Molecular systematics of armadillos (Xenarthra,Dasypodidae): contribution of maximum likelihood and Bayesian analyses of mitochondrial and nuclear genes

The 30 living species of armadillos, anteaters, and sloths (Mammalia: Xenarthra) represent one of the three major clades of placentals. Armadillos (Cingulata: Dasypodidae) are the earliest and most speciose xenarthran lineage with 21 described species.

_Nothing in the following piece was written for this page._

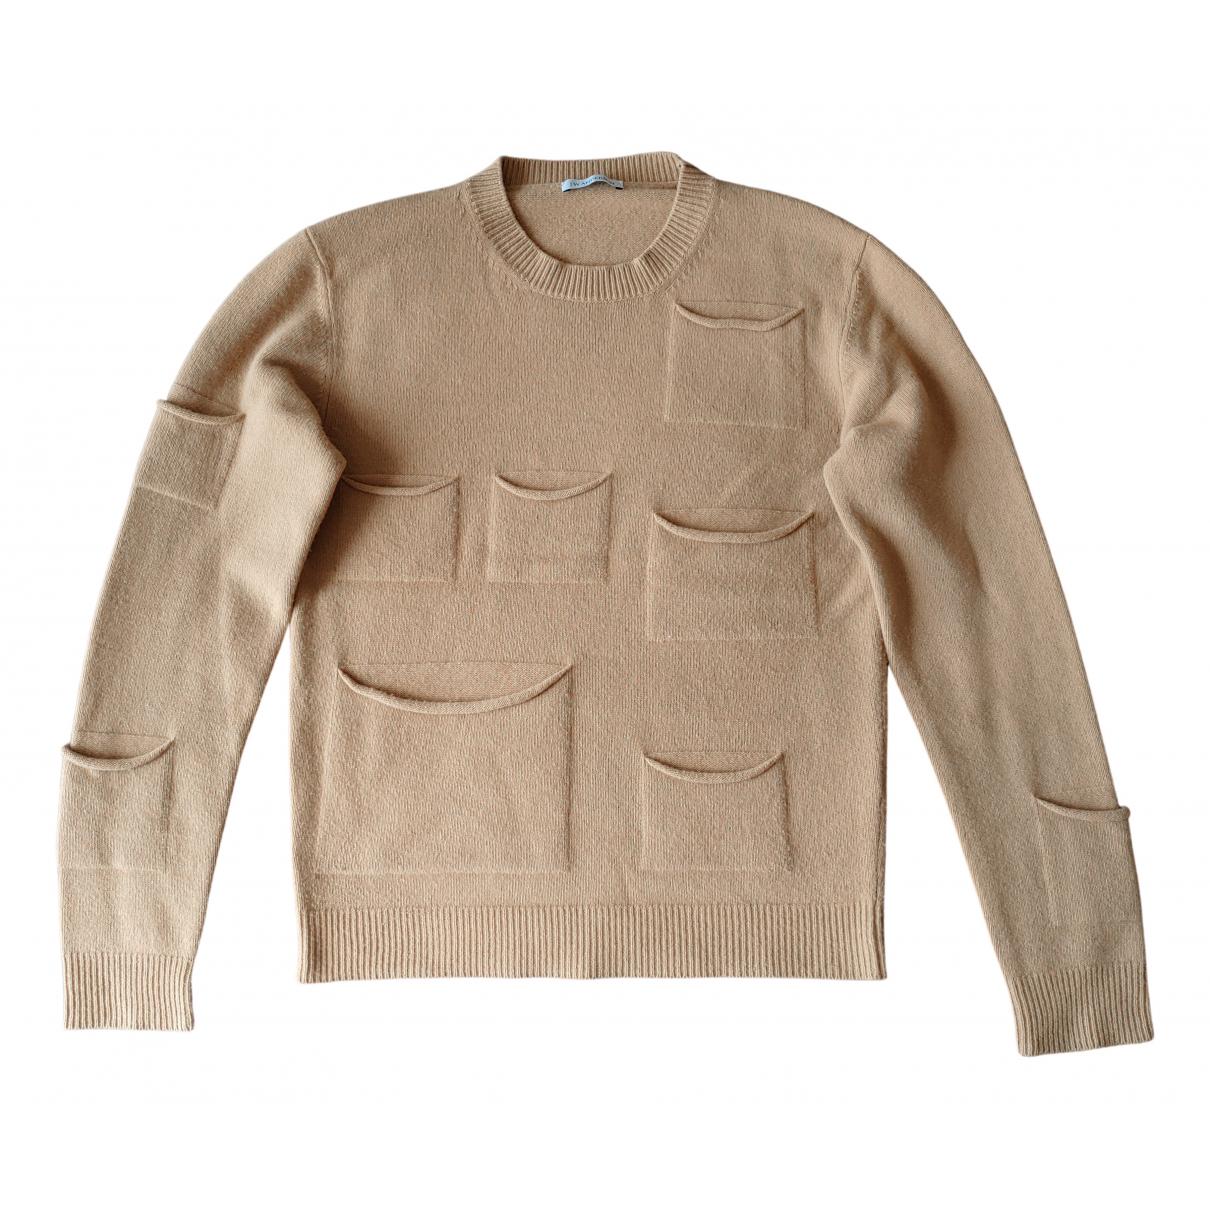 J.w. Anderson \N Beige Wool Knitwear & Sweatshirts for Men M International

The question of their tricky phylogeny was here studied by adding two mitochondrial genes (NADH dehydrogenase subunit 1 [ND1] and 12S ribosomal RNA [12S rRNA]) to the three protein-coding nuclear genes (alpha2B adrenergic receptor [ADRA2B], breast cancer susceptibility exon 11 [BRCA1], and von Willebrand factor exon 28 [VWF]) yielding a total of 6869 aligned nucleotide sites for thirteen xenarthran species. The two mitochondrial genes were characterized by marked excesses of transitions over transversions-with a strong bias toward CT transitions for the 12S rRNA-and exhibited two- to fivefold faster evolutionary rates than the fastest nuclear gene (ADRA2B). Maximum likelihood and Bayesian phylogenetic analyses supported the monophyly of Dasypodinae, Tolypeutinae, and Euphractinae, with the latter two armadillo subfamilies strongly clustering together. Conflicting branching points between individual genes involved relationships within the subfamilies Tolypeutinae and Euphractinae. Owing to a greater number of informative sites, the overall concatenation favored the mitochondrial topology with the classical grouping of Cabassous and Priodontes within Tolypeutinae, and a close relationship between Euphractus and Chaetophractus within Euphractinae. However, low statistical support values associated with almost equal distributions of apomorphies among alternatives suggested that two parallel events of rapid speciation occurred within these two armadillo subfamilies.